Carla Olson (Busted Flat Records)

Released this week, this new disc by acoustic guitarist-singer Carla Olson is a rich, charming collection of duets that give a fresh take on songs from the Americana, folk, alt-country, pop, blues and rock genres.

It opens with a fine rendition of the Sons of Desert song, "You Can Come Cryin' to Me," in which Olson is paired with Juice Newton. The 12 compositions are reinterpretations of works of Del Shannon, Buddy Holly, Gene Clark, and others. Included is a Jersey-flavored rocker, "All I Needed Was You," written by Steven Van Zandt of Bruce Springsteen and the E Street Band. That song features Olson and Scott Kempner on vocals.

"Have Harmony, Will Travel" is a fun, breezy, laid-back set of songs that blend much better in style and substance than a typical collection of folksy, road-weary duets.


Mark Egan, Karl Latham and John Hart (Wavetone Records)

Grammy-winning electric jazz bassist Mark Egan leads this powerful new trio that includes drummer Karl Latham and guitarist John Hart.

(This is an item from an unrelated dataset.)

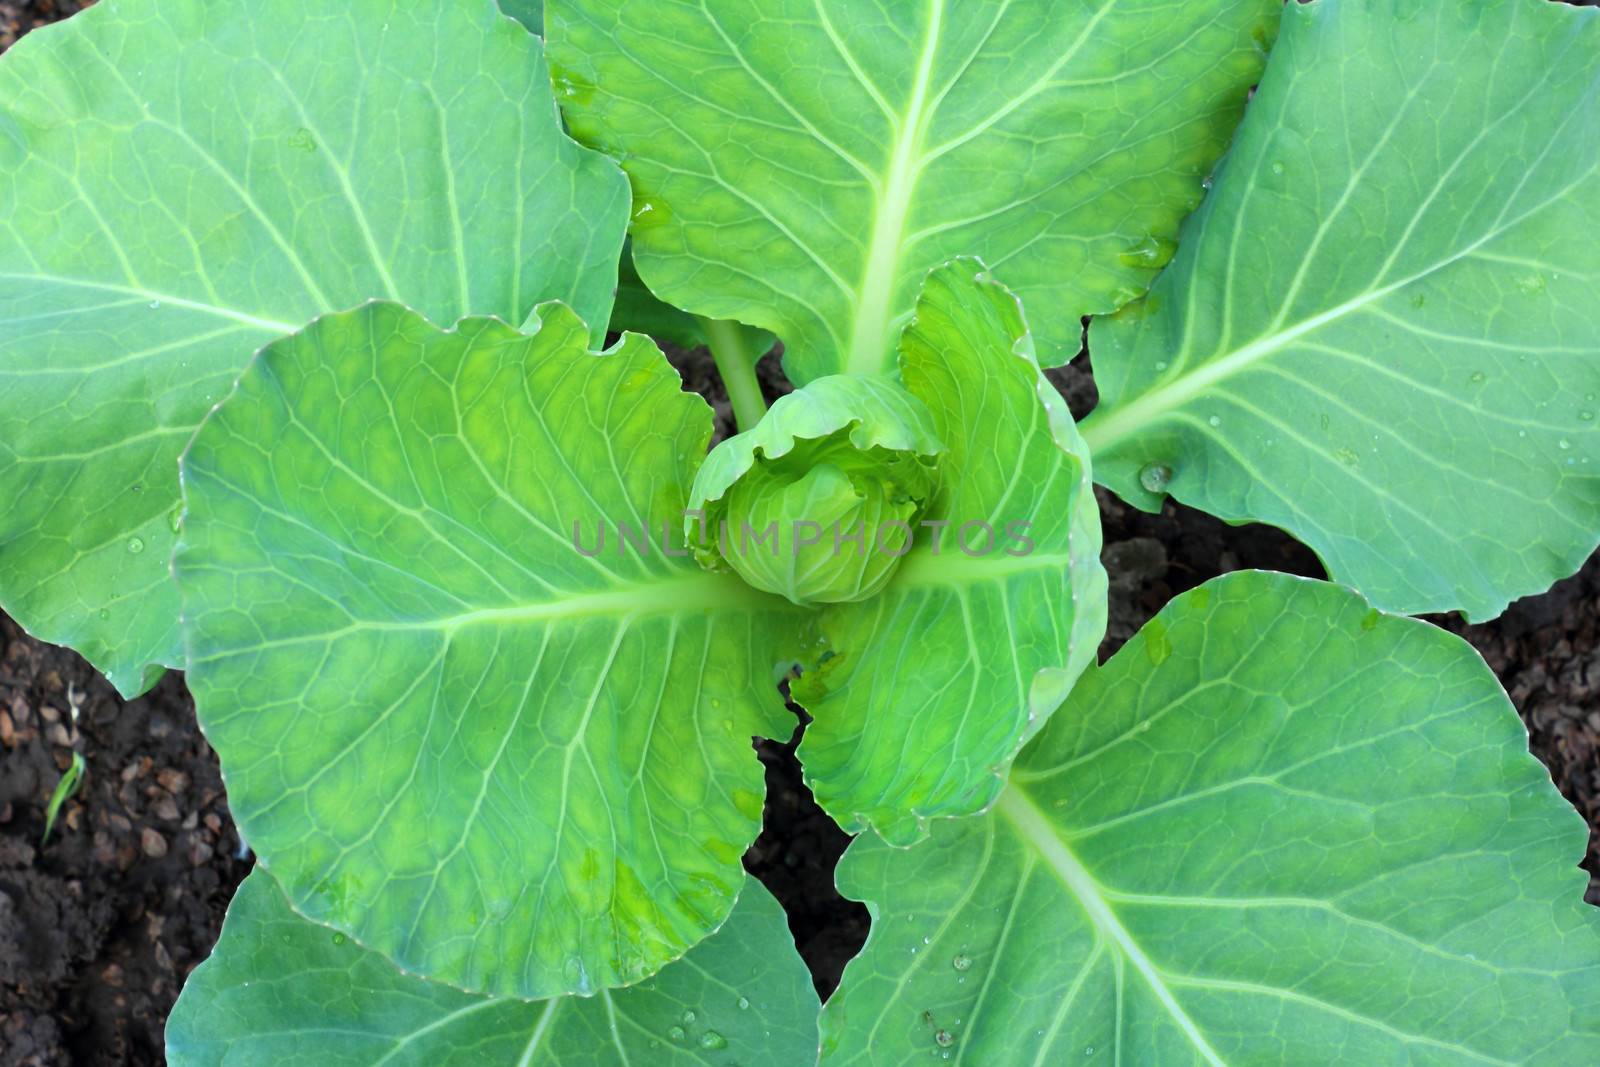 Growing in the garden green cabbage
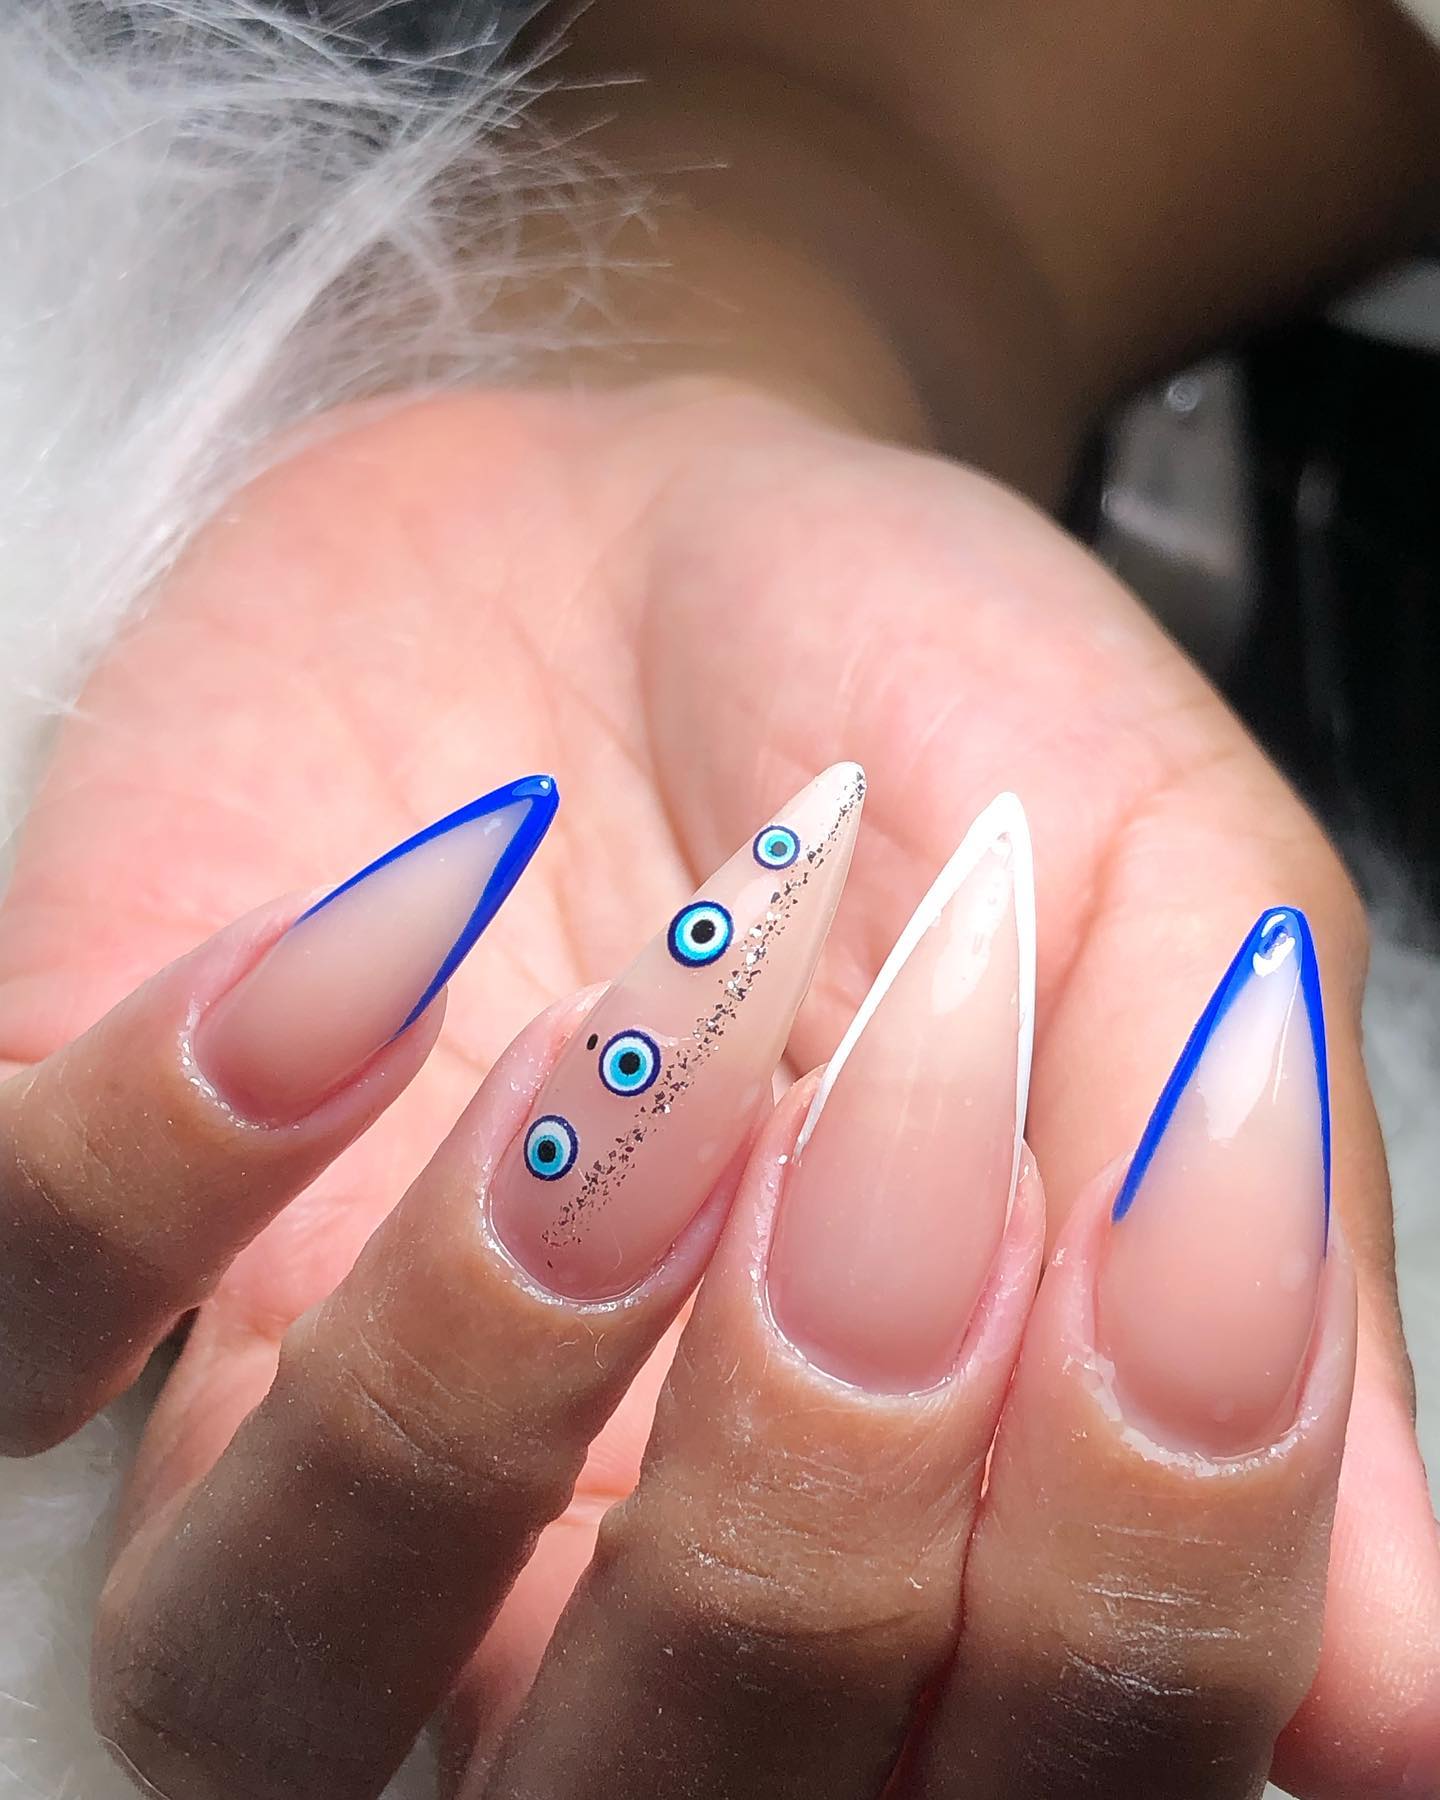 Wearing an evil eye is believed to protect you from evil, so wearing it as nail stickers is  great idea for your stiletto nails.

It's a free-form, nine-track set with 70 minutes of largely improvisational jamming built around standards from the likes of Thelonious Monk, Miles Davis, and Wayne Shorter. This loose romp traverses jazz, rock, Brazilian, funk and world music, as it hits a joyful groove.

Egan is a disciple and former student of one of the greatest electric bass jazz improv masters of all time, the late Jaco Pastorius. He is a former member of the Pat Metheny Group and has recorded with Sting, Arcadia, Roger Daltrey, and Joan Osborne.